Return exactly the run of lines that begins at the line containing "Aiserkly Chiffon Kleid" and ends at the last line of the material below; pictures stay out.
*** Provided data Section Begins ***
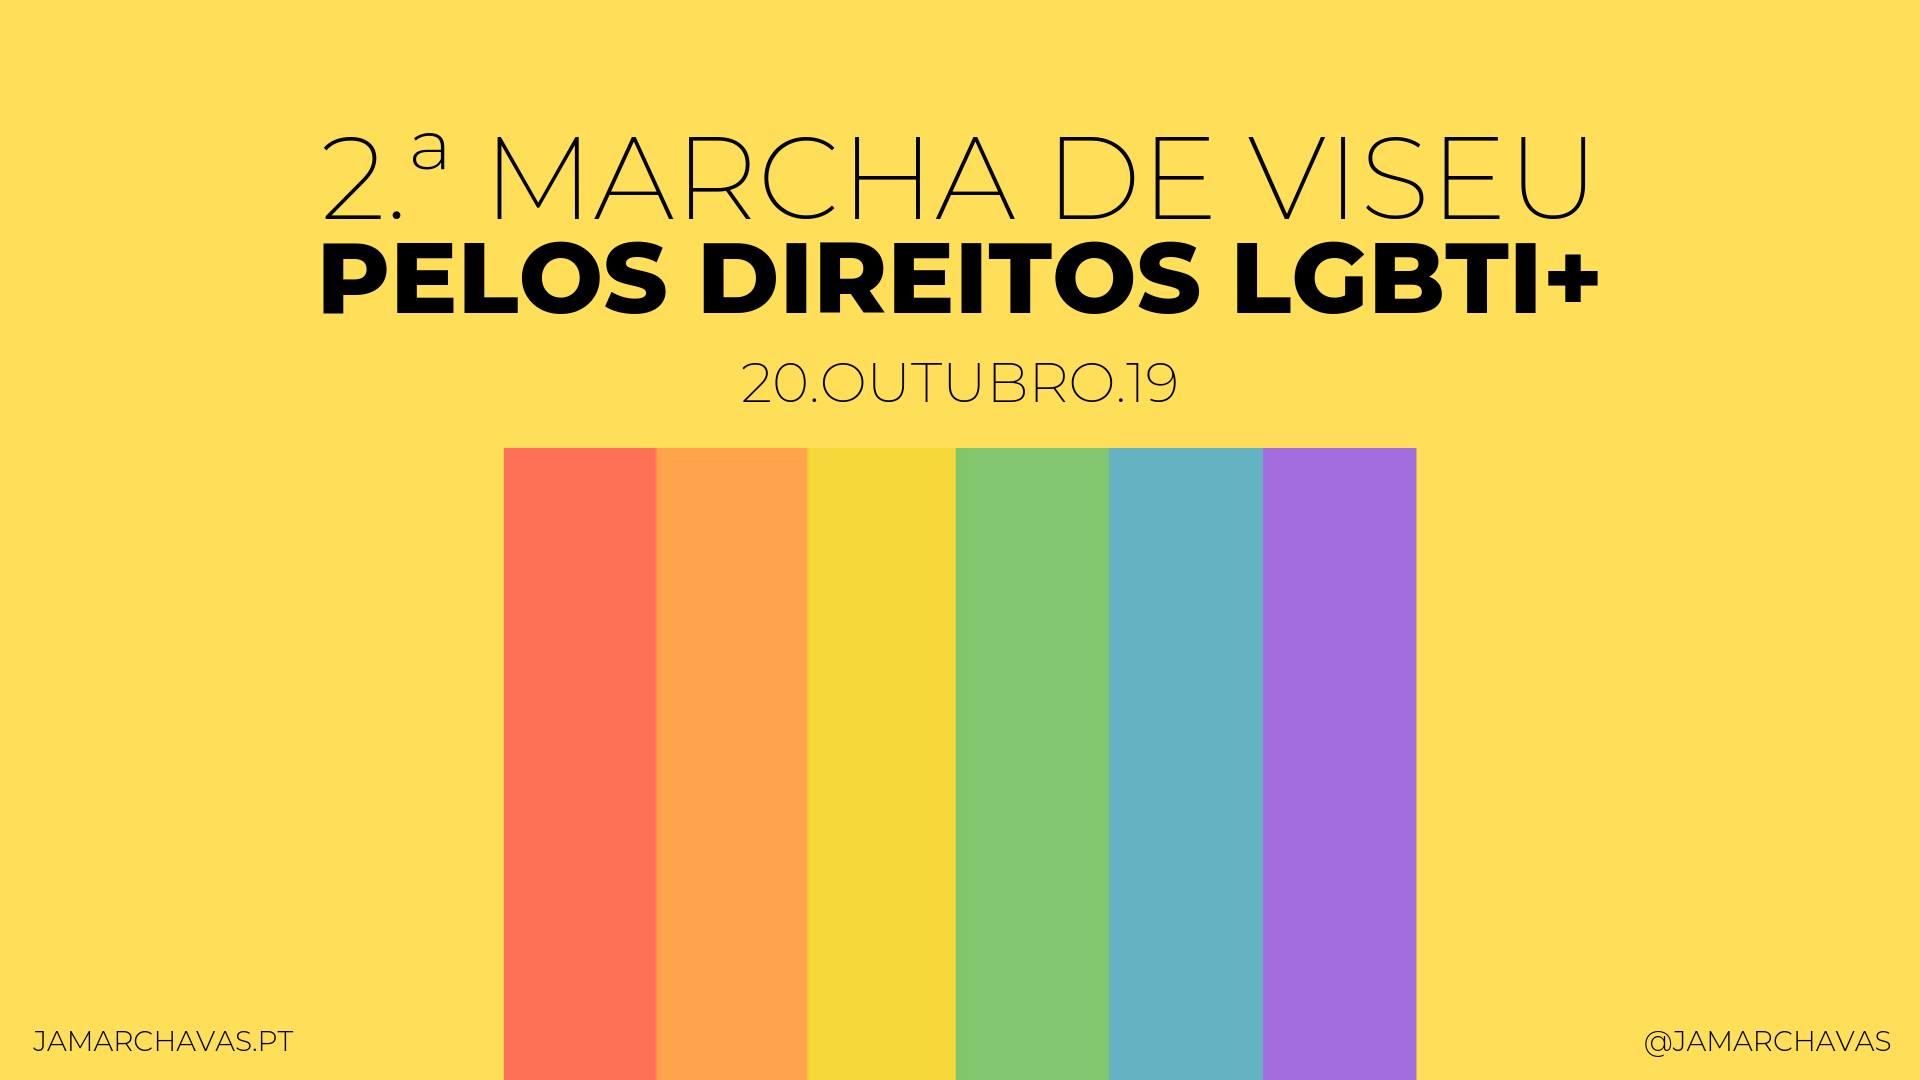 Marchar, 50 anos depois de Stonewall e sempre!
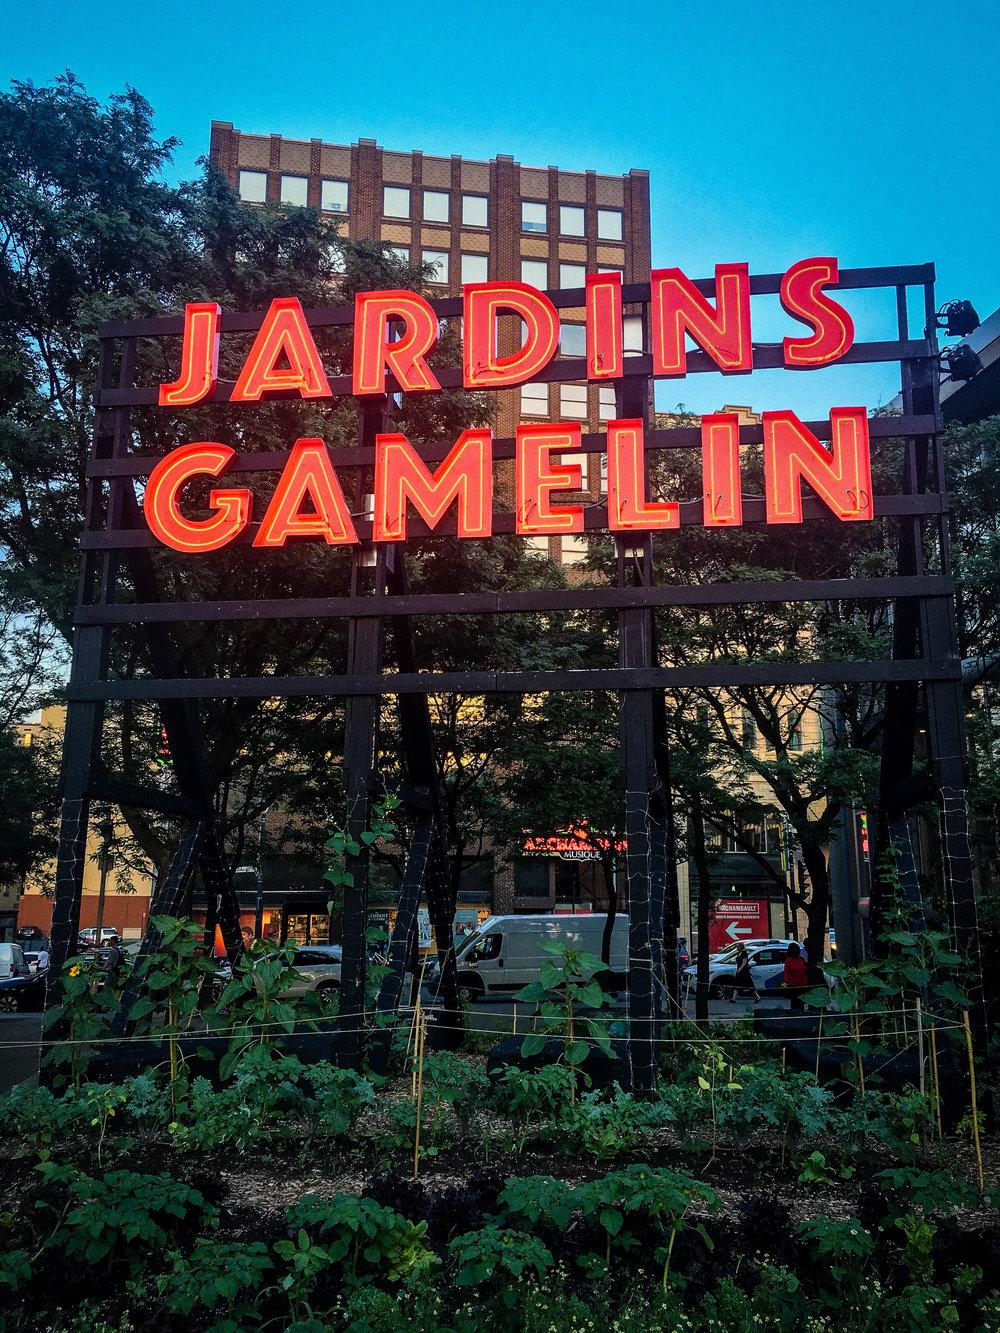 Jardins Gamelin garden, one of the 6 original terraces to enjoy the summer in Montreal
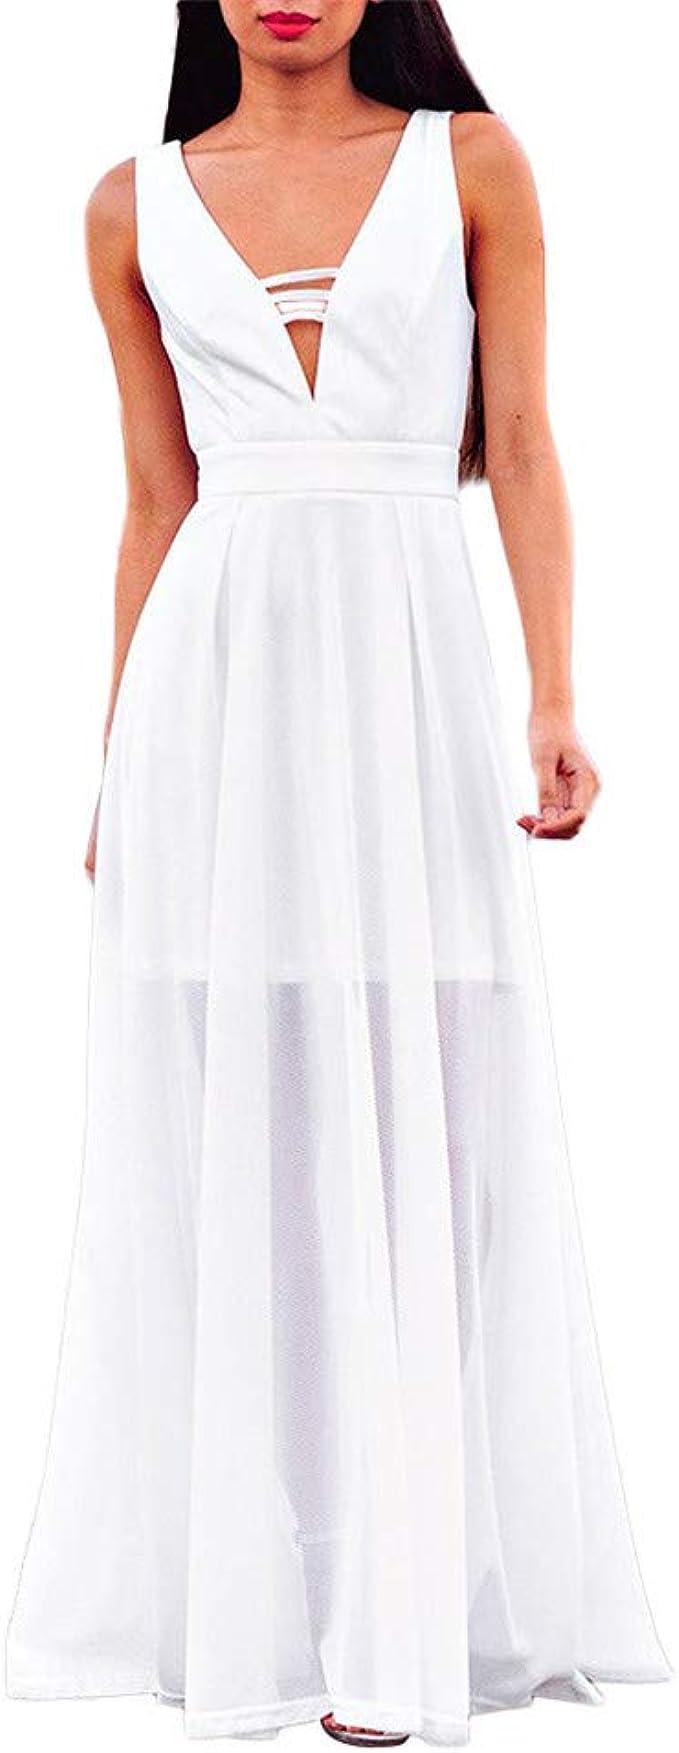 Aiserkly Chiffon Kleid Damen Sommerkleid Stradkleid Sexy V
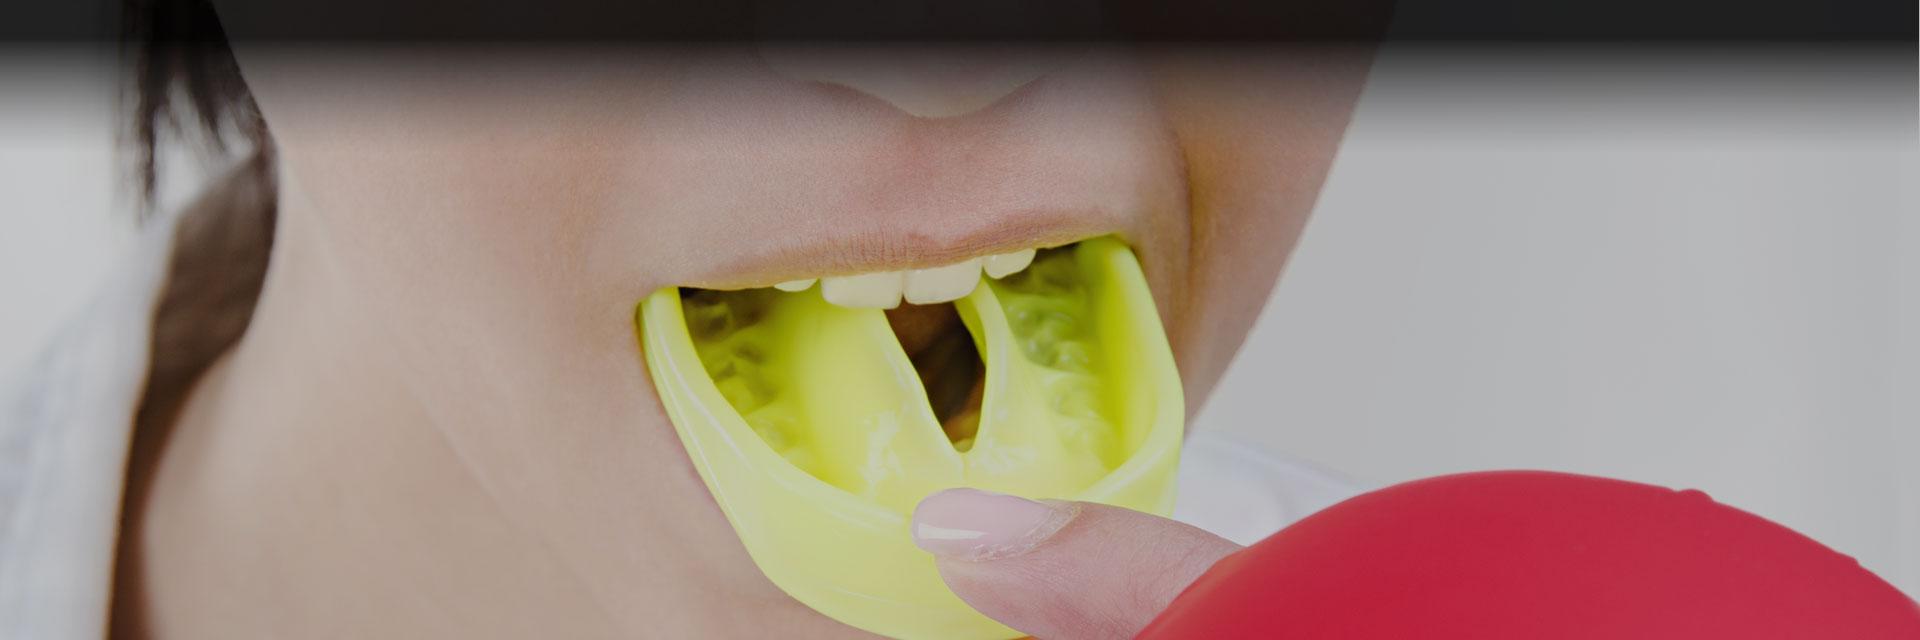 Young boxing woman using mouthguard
*** Provided data Section Ends ***
The completed task —
 Aiserkly Chiffon Kleid Damen Sommerkleid Stradkleid Sexy V
 Young boxing woman using mouthguard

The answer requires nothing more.